* **RECORDED DATA**:
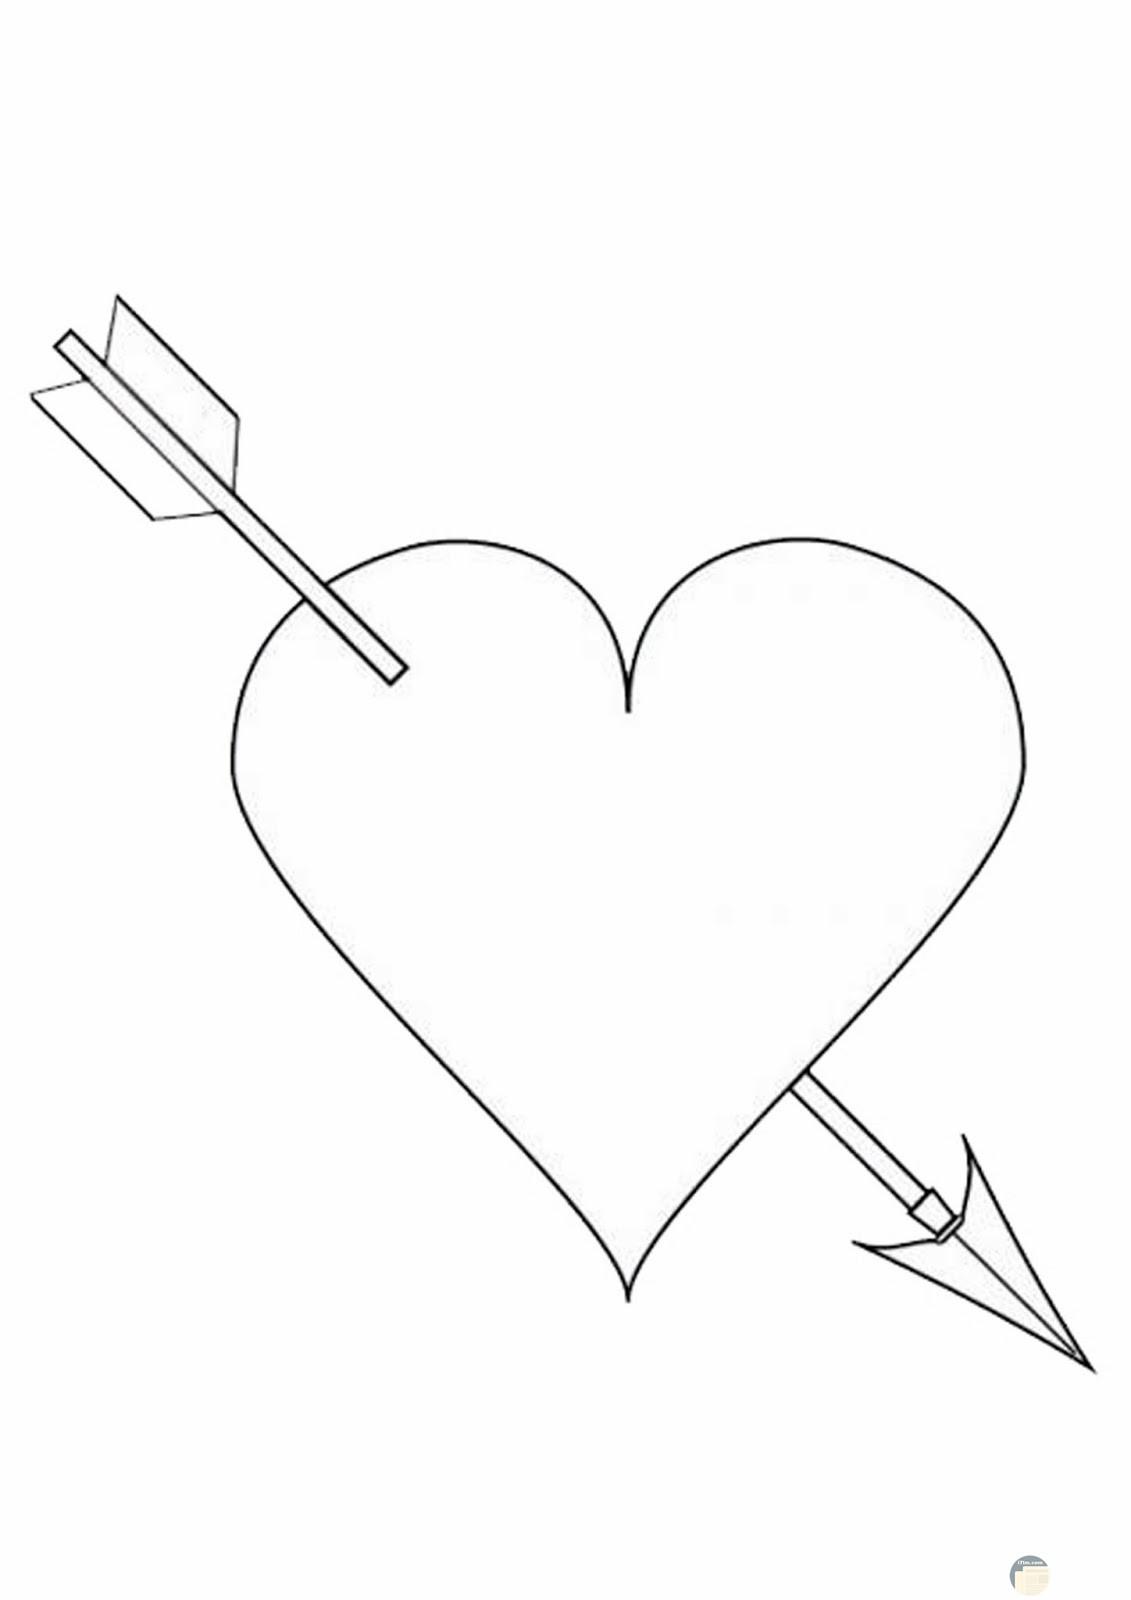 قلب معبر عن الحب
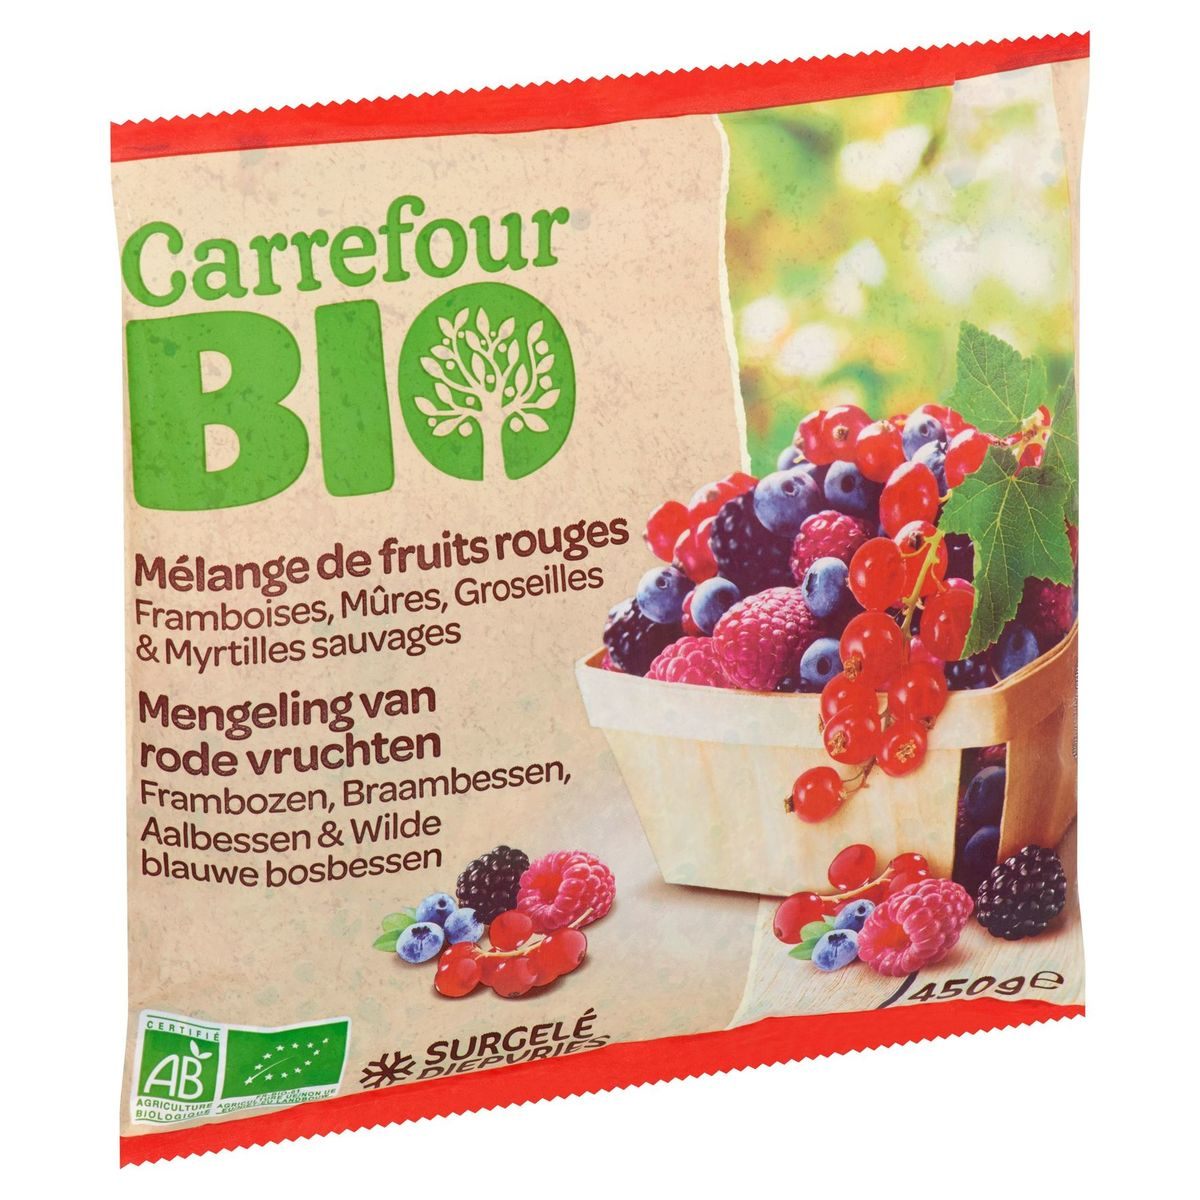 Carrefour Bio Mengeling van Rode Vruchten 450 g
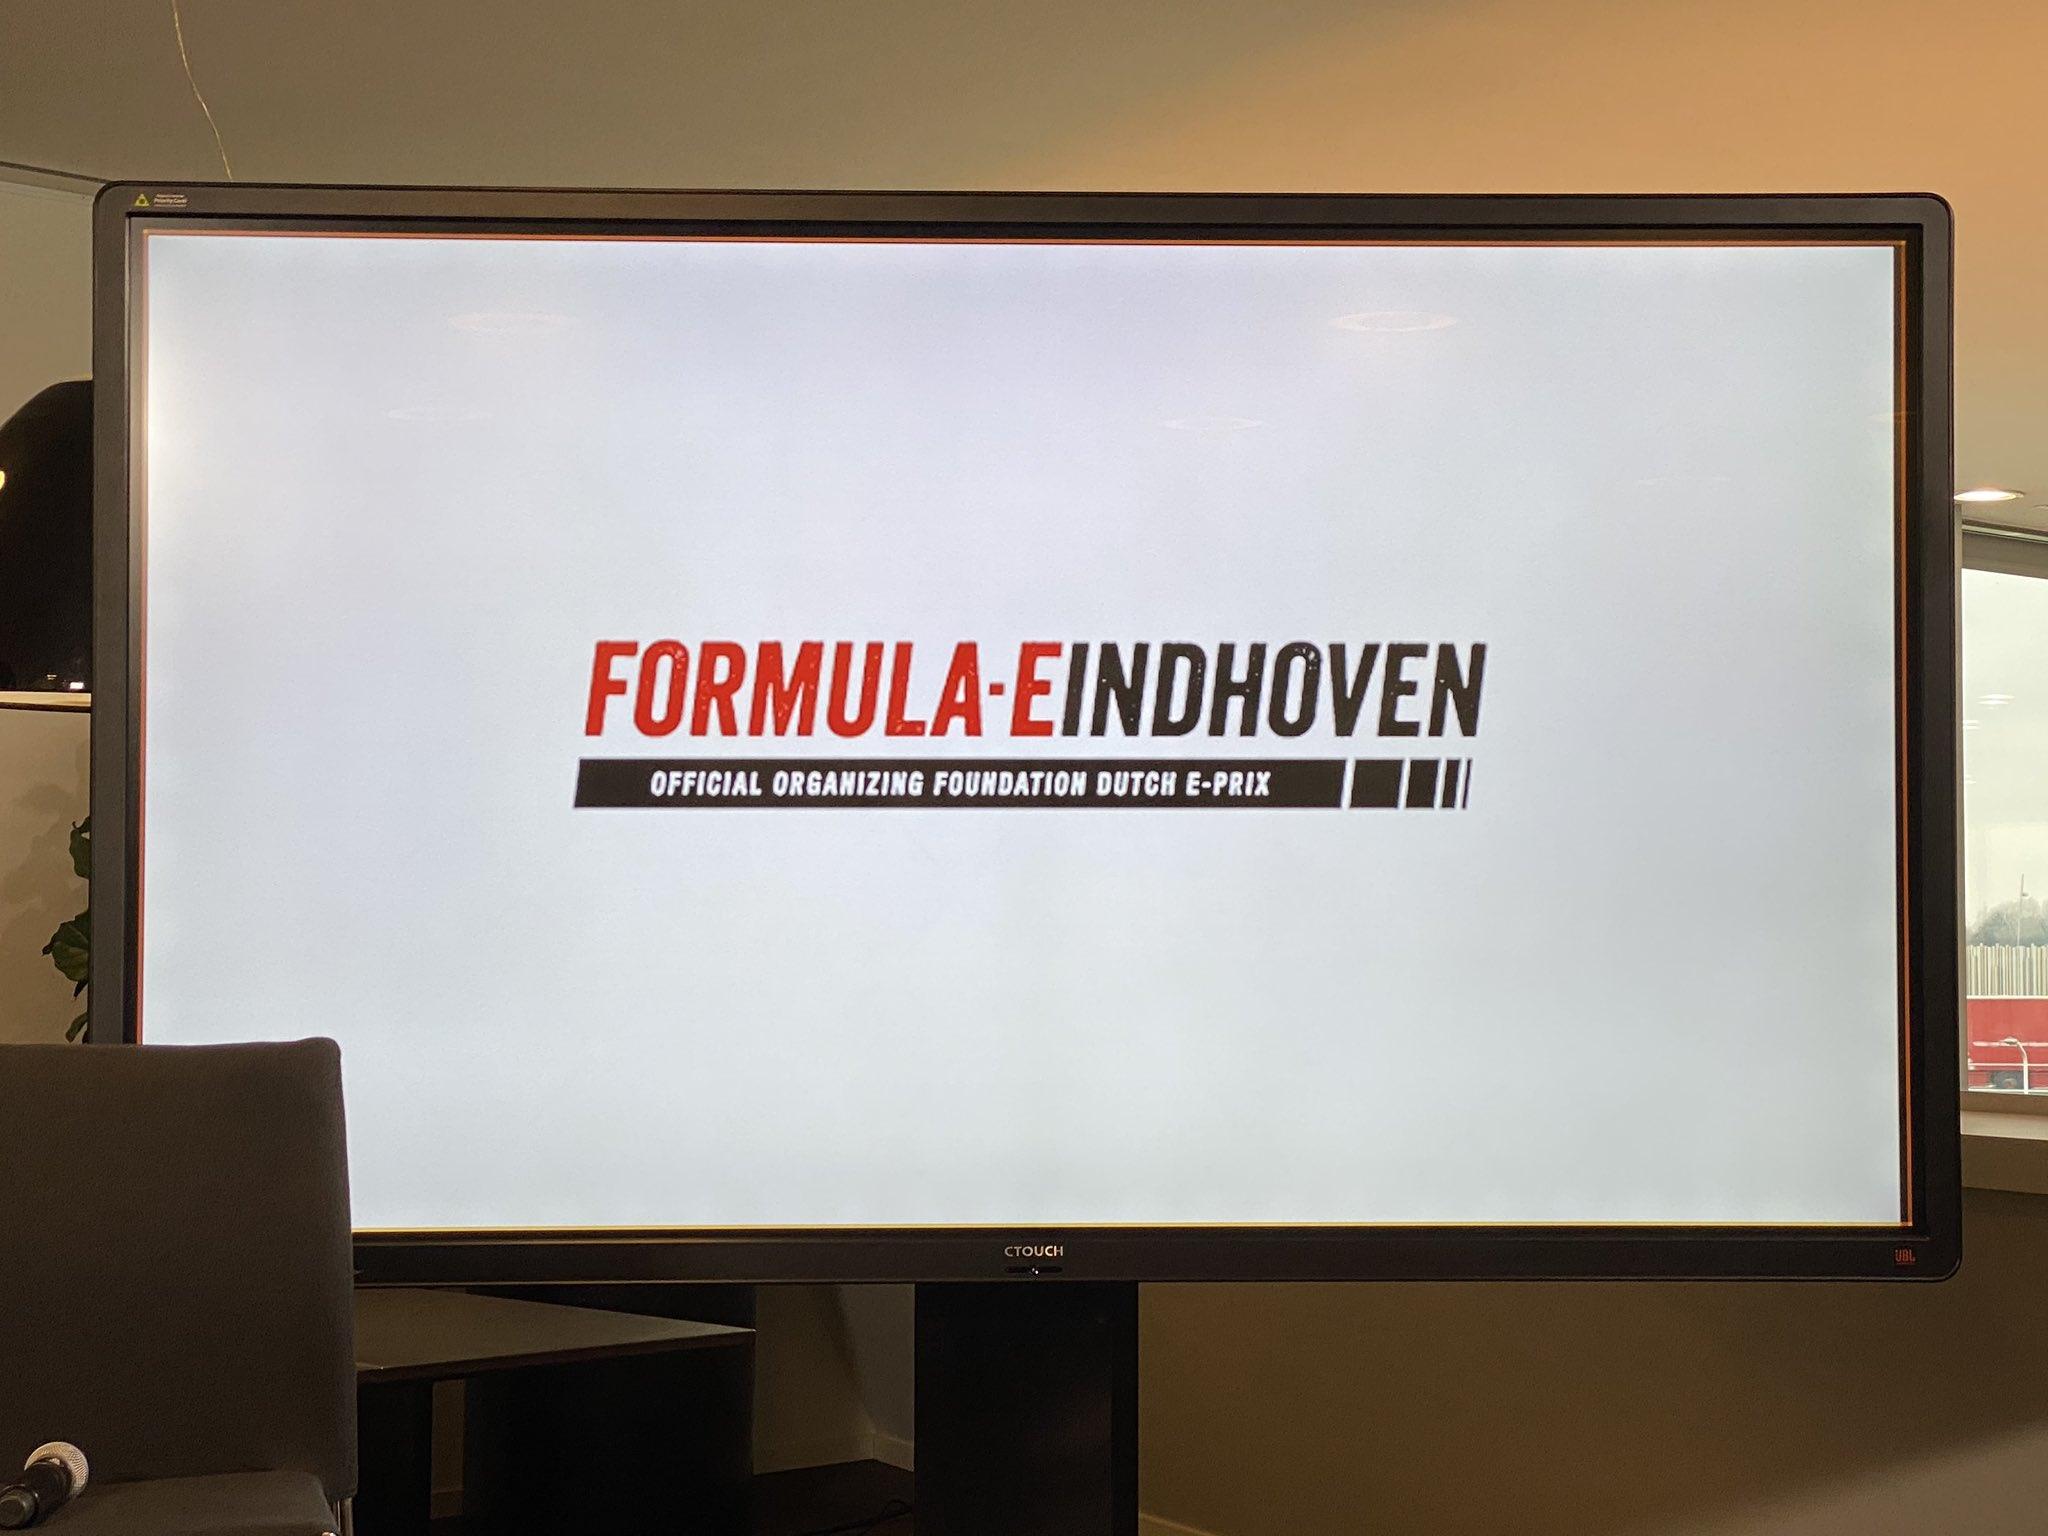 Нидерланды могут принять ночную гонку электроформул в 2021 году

* **AIM OF THE EXERCISE**:
Restate word for word, please, the line containing "Carrefour Bio Mengeling" and all lines after it through the end of the material; the pictures do not belong in the copy.

* **ANSWER BELOW**:
 Carrefour Bio Mengeling van Rode Vruchten 450 g
 Нидерланды могут принять ночную гонку электроформул в 2021 году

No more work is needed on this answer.